Herr Fock wunderte sich, dass so viele Leute die Kirche belagerten. Eigentlich war es doch ein bisschen seine Kirche, fand er. Er setzte sich ganz hinten in eine Bank, Timo sprang auf seinen Schoss, er hatte ebenfalls keine Lust auf das Gewühl. Herr Fock hoffte, dass die Menschen bald abziehen würden, aber es sah nicht danach aus.
Sie sangen mit weit geöffneten Mündern und roten Wangen, standen auf, brabbelten etwas vor sich hin und setzten sich wieder. Dann stieg ein Mann mit schwarzem Umhang auf ein Podest und hörte gar nicht mehr auf zu reden. Ungeduldig rutschte Herr Fock auf seiner harten Bank hin und her, und schliesslich beschloss er zu gehen. Er stand auf, ging schnell in Richtung Ausgang, Timo heftete sich an seine Fersen. Ein paar Leute schauten ihnen missbilligend hinterher.
Als sie auf dem leeren Kirchenvorplatz standen, atmete Herr Fock tief durch, sein Atem blies kleine Wolken in die Luft. Ihm war kalt, und er trat von einem Bein auf das andere, Timo musste aufpassen, dass er nicht aus Versehen einen Tritt abbekam. Vorsorglich maunzte er laut, und als Herr Fock nach unten schaute, fiel sein Blick auf kleine Leuchtbilder am Boden.
Es waren Boote, die genauso aussahen wie die Schiffe, die in den Bäumen hingen.
Die Boote am Boden bildeten einen Lichterpfad, Herr Fock und Timo mussten ihm nur folgen.
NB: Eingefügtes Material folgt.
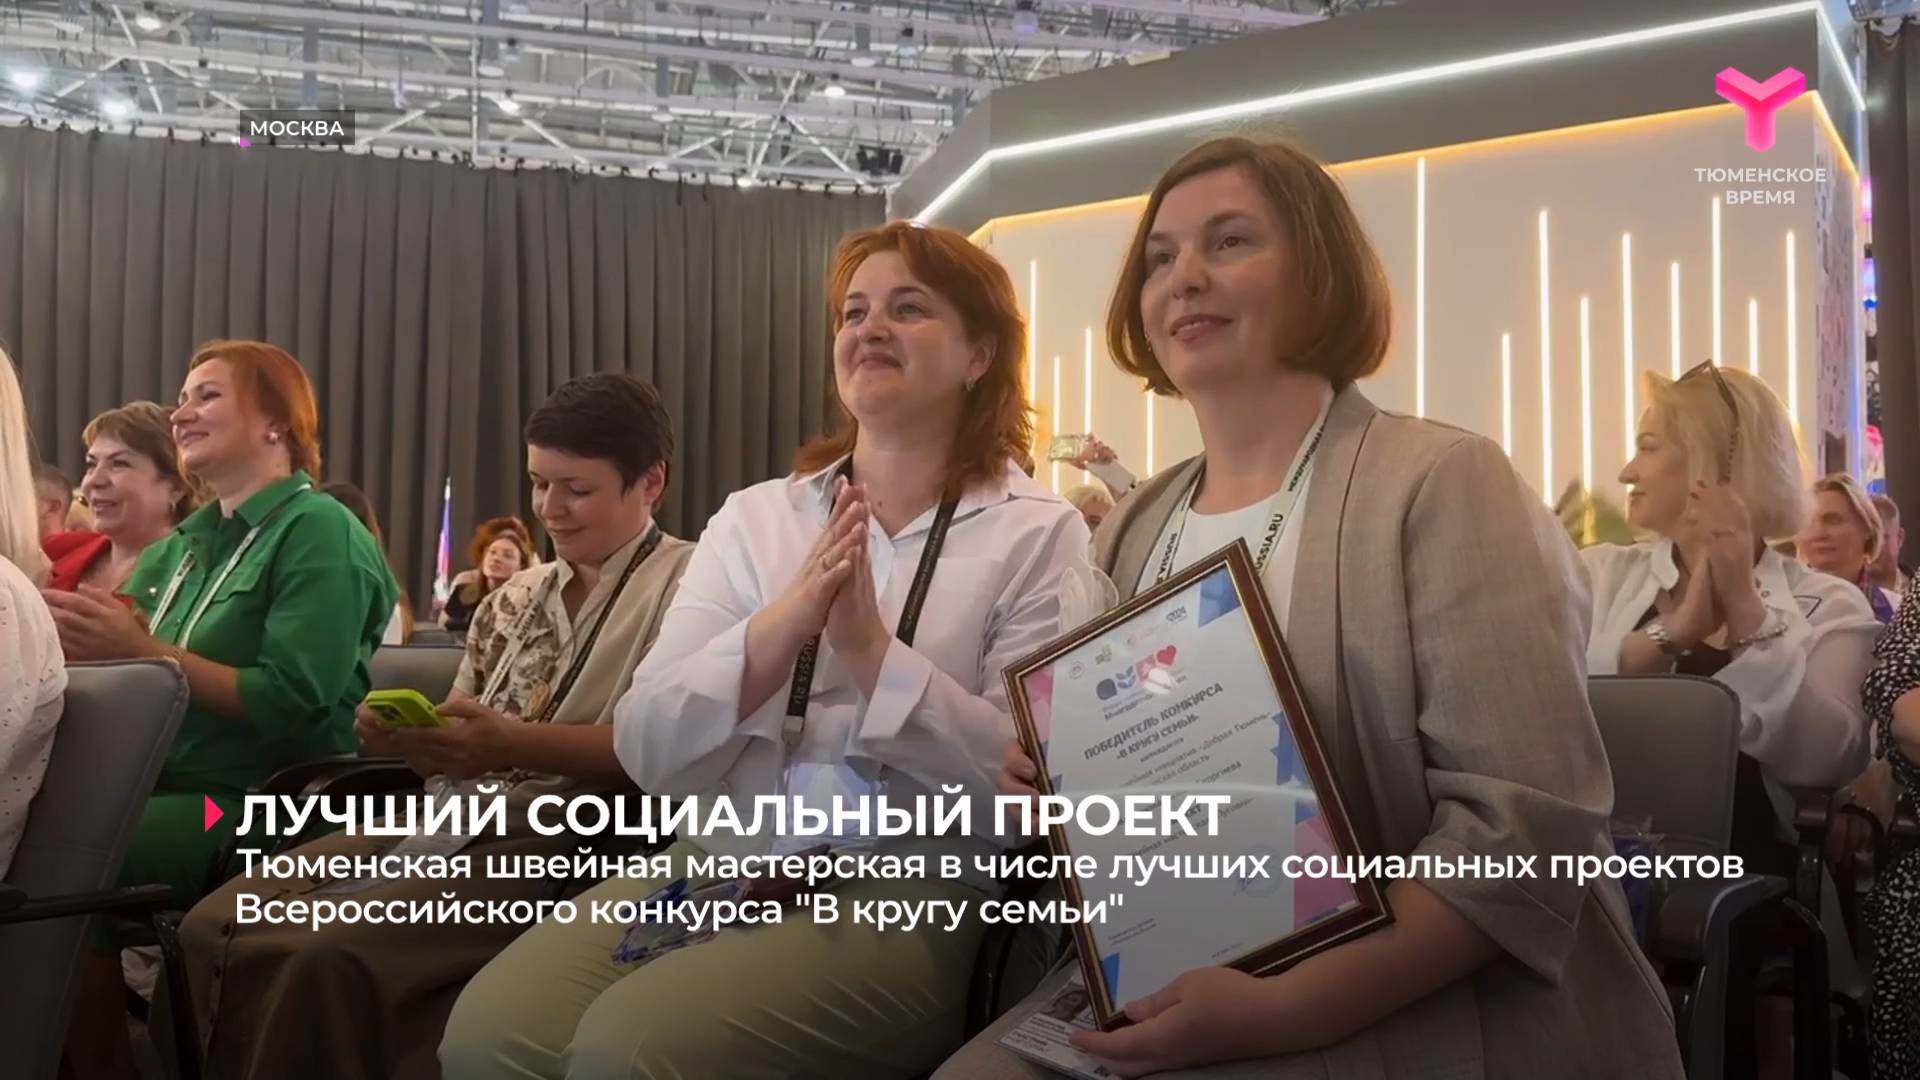 Тюменская швейная мастерская в числе лучших социальных проектов Всероссийского конкурса

Sie durchquerten die Bahnhofstrasse, bogen rechts ab, wo sie zum Treppenviertel kamen. Auch auf den Stufen der unzähligen Treppen, die zur Elbe führten, waren Leuchtbilder am Boden. Sie kamen vorbei an winterlichen Gärten, sahen durch die Fenster Tannenbäume und Menschen, die Pakete in den Händen hielten. Schliesslich gelangten sie nach unten, die Elbe lag ruhig im Nebel da. Noch ein paar Schritte, und sie waren am Schiffsanleger. Kaum jemand war um diese Zeit unterwegs, sie hatten den Anleger für sich allein, das Wasser unter ihnen gluckerte leise.
Als sie länger standen, sahen sie, wie aus dem Nebel Schiffe auftauchten, hell erleuchtet, manche hatten auf dem Deck einen Tannenbaum stehen. Ab und zu glitt ein Containerschiff vorbei, am Heck konnte man den Namen des Heimathafens lesen. Herr Fock versuchte, die Namen zu entziffern und sich zu erinnern: Port Louis, Stone Town, Pointe-à-Pitre …
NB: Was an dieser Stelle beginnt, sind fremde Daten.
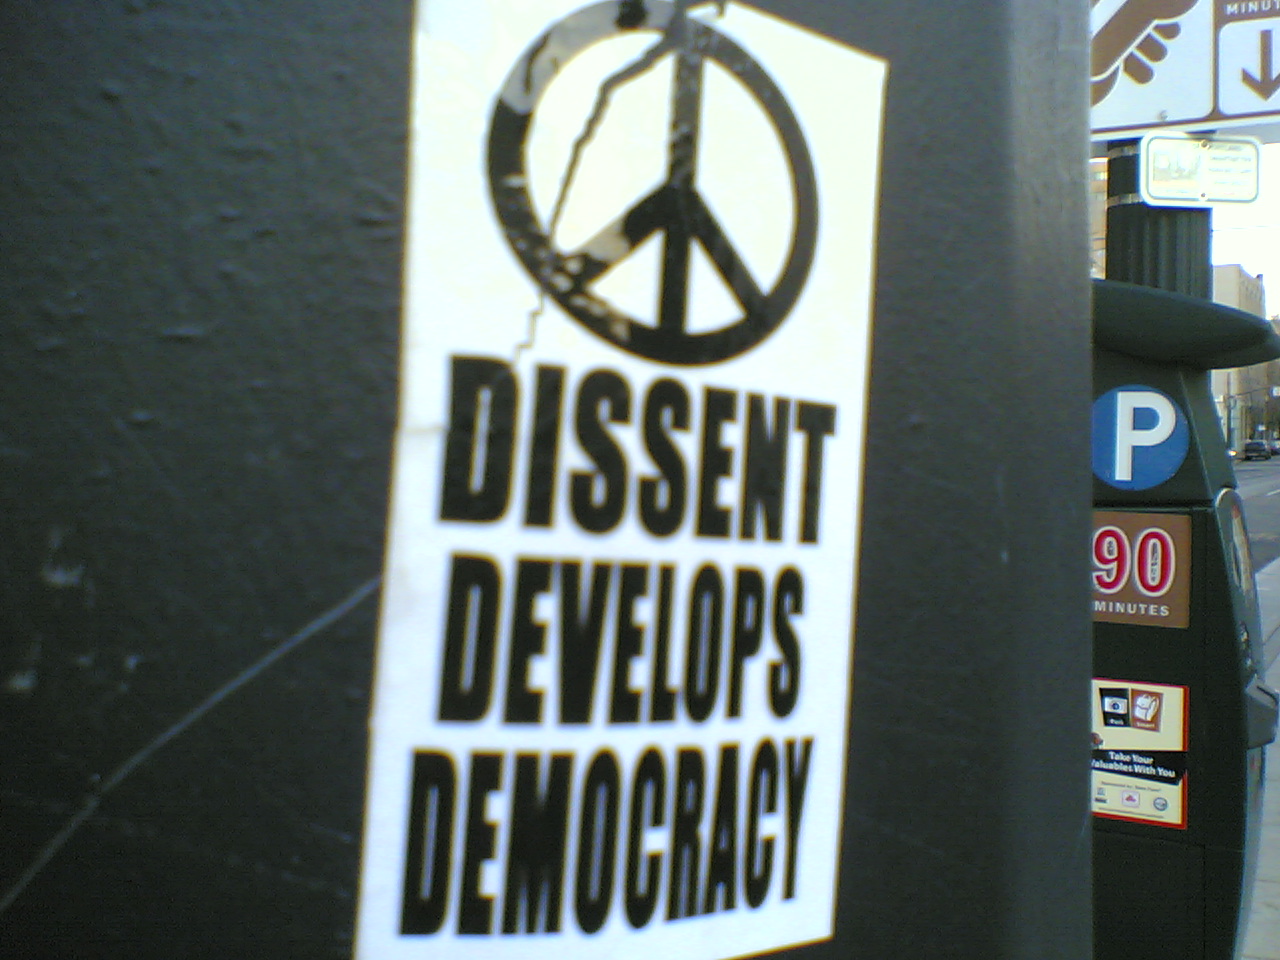 Dissent_develops_democracy_sticker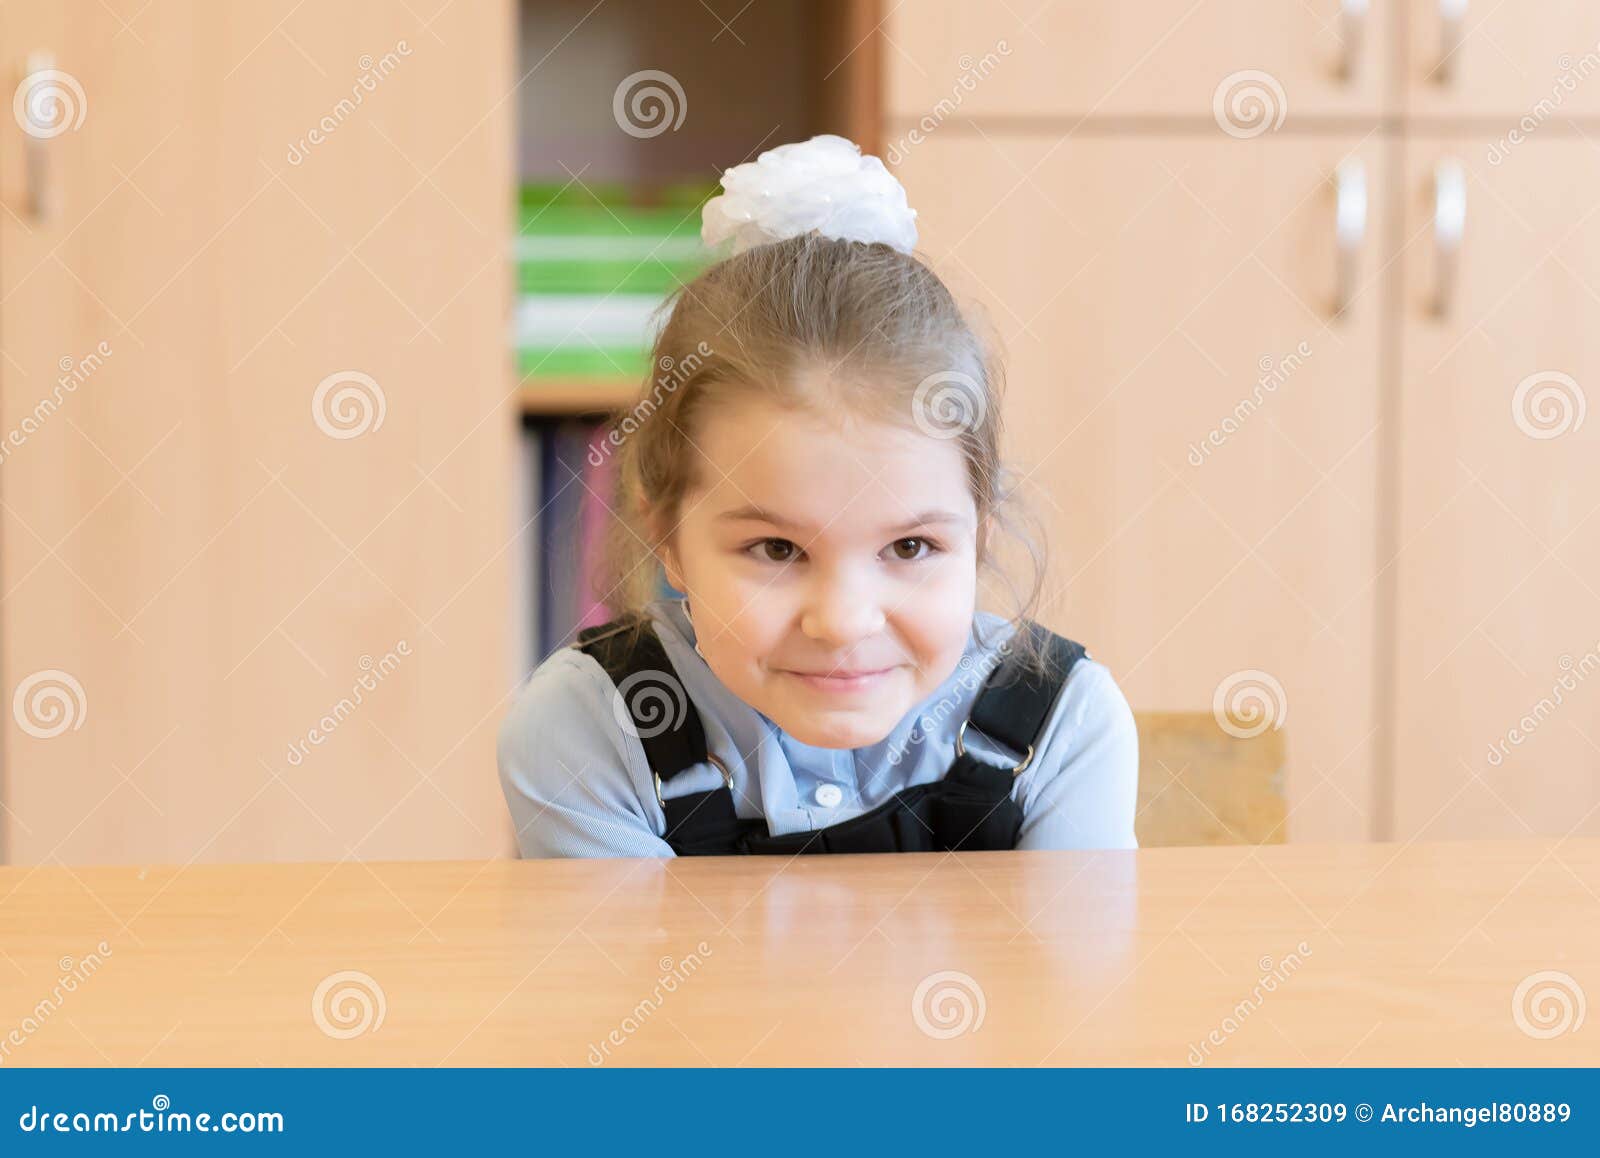 Girl Schoolgirl Is Trying To Hide Under The Desk Stock Image

Ein kühler Wind blies ihm von der Elbe ins Gesicht, und er zog seine Mütze tiefer in die Stirn; Timo versuchte, in eines seiner Hosenbeine zu kriechen. In diesem Moment näherte sich eine Barkasse dem Anleger, Herr Fock winkte, und das Schiff hielt tatsächlich auf sie zu. Schliesslich machte es am Anleger fest, und der Kapitän rief ihnen zu, ob sie am Heiligabend nicht Besseres zu tun hätten, als am Anleger zu frieren.
Dann gab er ihnen ein Zeichen, an Bord zu kommen.
Im Innern der Barkasse war es warm, die Wände waren mit Holz ausgeschlagen. In einer Ecke stand ein etwas schiefer Tannenbaum, der leicht hin und her schwankte, als das Schiff sich in Bewegung setzte. Eine kleine Krippe gab es auch, und Timo steckte neugierig seinen Kopf hinein. Vielleicht hatte er gehofft, dort ein Katzenbaby zu finden, aber es war bloss Jesus. Durch das Schwanken rollte das Jesuskind von einer Seite auf die andere, irgendwann würde es seekrank werden.